１２文字連接抽出手段２ファイル毎出現頻度情報抽出手段３２文字連接選択手段４表作成手段５記録位置概略情報６検索エントリおよび検索内容７表検索手段８検索候補文書９詳細検索手段 1 2 Character concatenation extraction means 2 File-by-file appearance frequency information extraction means 3 2 Character concatenation selection means 4 Table creation means 5 Recording position summary information 6 Search entry and search content 7 Table search means 8 Search candidate document 9 Detailed search means

Claims

[Claims]

1. A two-character concatenation extraction means for extracting an arbitrary two-character concatenation from a Japanese character code string of a search target document in a storage medium, and frequency information for obtaining the frequency of the two-character concatenation appearing in each document file. Extraction means, means for selecting a two-character concatenation whose appearance frequency does not exceed a preset threshold value in the two-character concatenation, and the remaining one character and two characters with the first character of the selected two-character concatenation as an entry. A table creating means for creating a table containing the recording position outline information of the document to be searched for which the character connection is extracted, and connecting the two characters from the search character string input at the time of the search request based on the appearance frequency. By selecting the first character of the selected two-character concatenation as the search entry and the second character as the search content, the search content is searched from the created table by using the search entry, and the corresponding recording position outline information is searched. A search device characterized by performing a detailed search for a search target document after acquiring information and narrowing down the search target document.

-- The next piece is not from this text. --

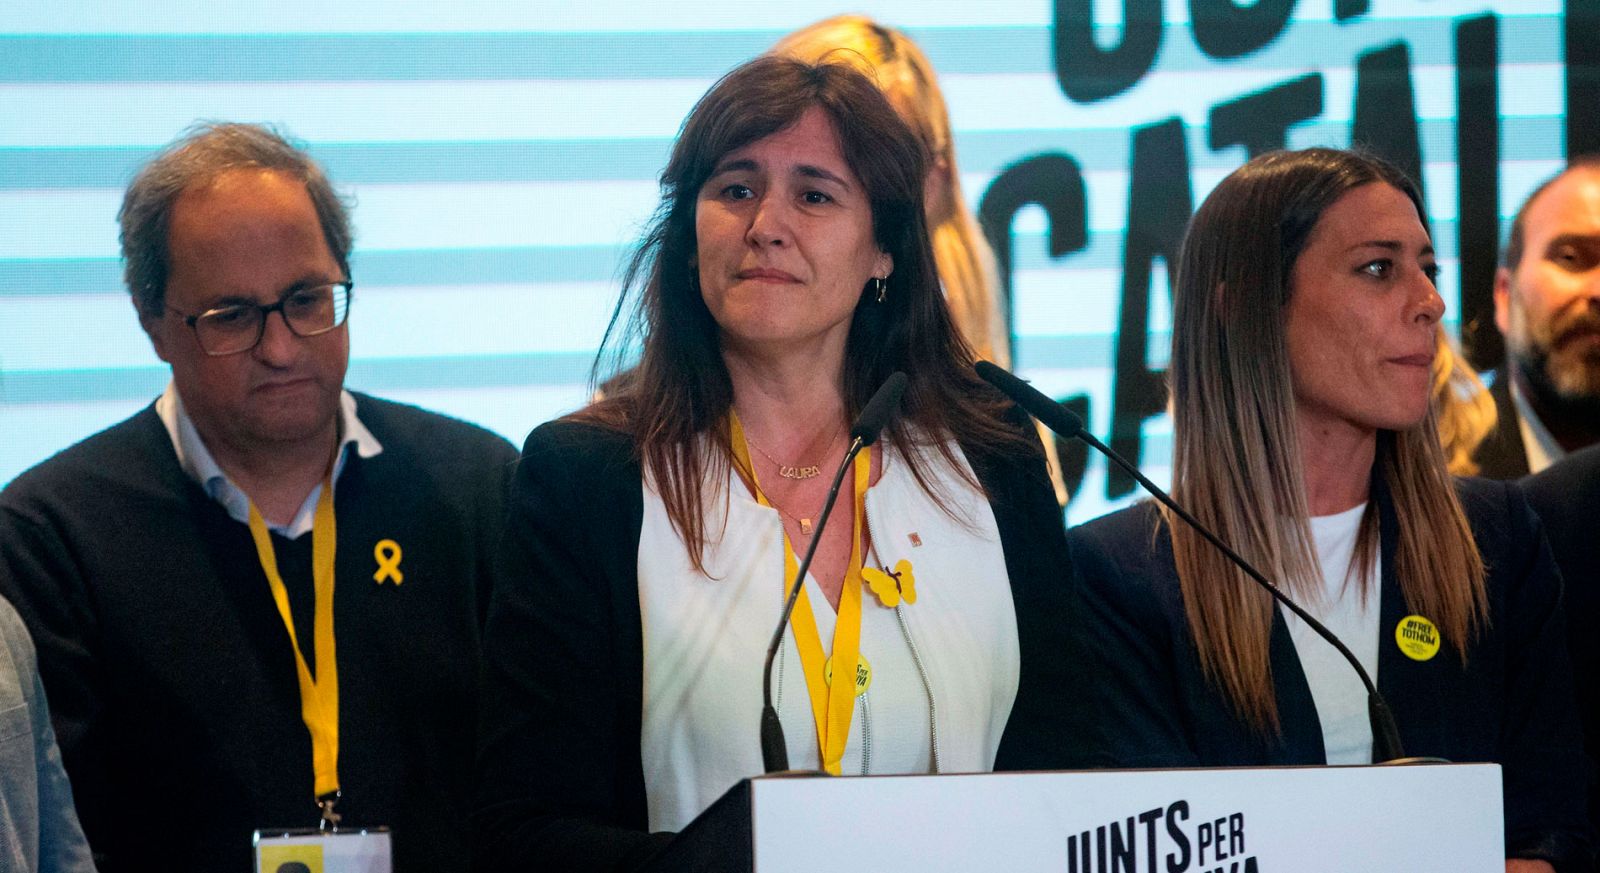 Elecciones Generales | Laura Borràs cree que Catalunya ha obtenido "un muy buen resultado electoral"
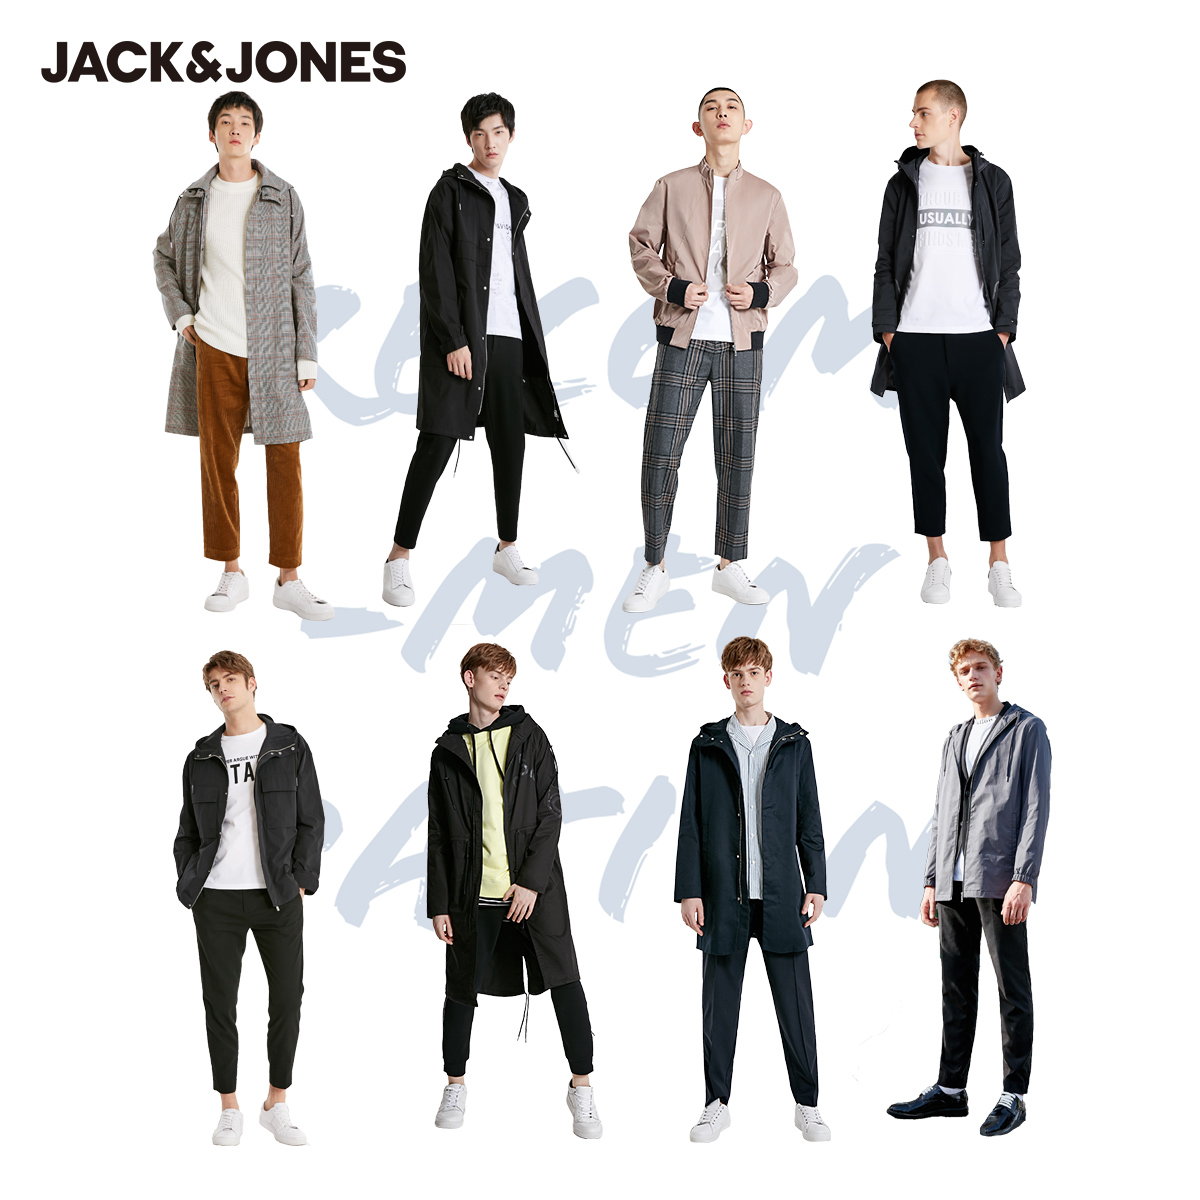 Jack Jones 杰克琼斯 男式休闲风衣外套 凑单双重优惠折后￥126.4/件起包邮 12款可选

2. The search device according to claim 1, wherein a character combination that forms a two-character concatenation that includes punctuation marks "." And "," is not selected when a table is created.

3. The retrieval apparatus according to claim 1, wherein character combinations that form a two-character concatenation that do not begin with hiragana are not selected when creating a table.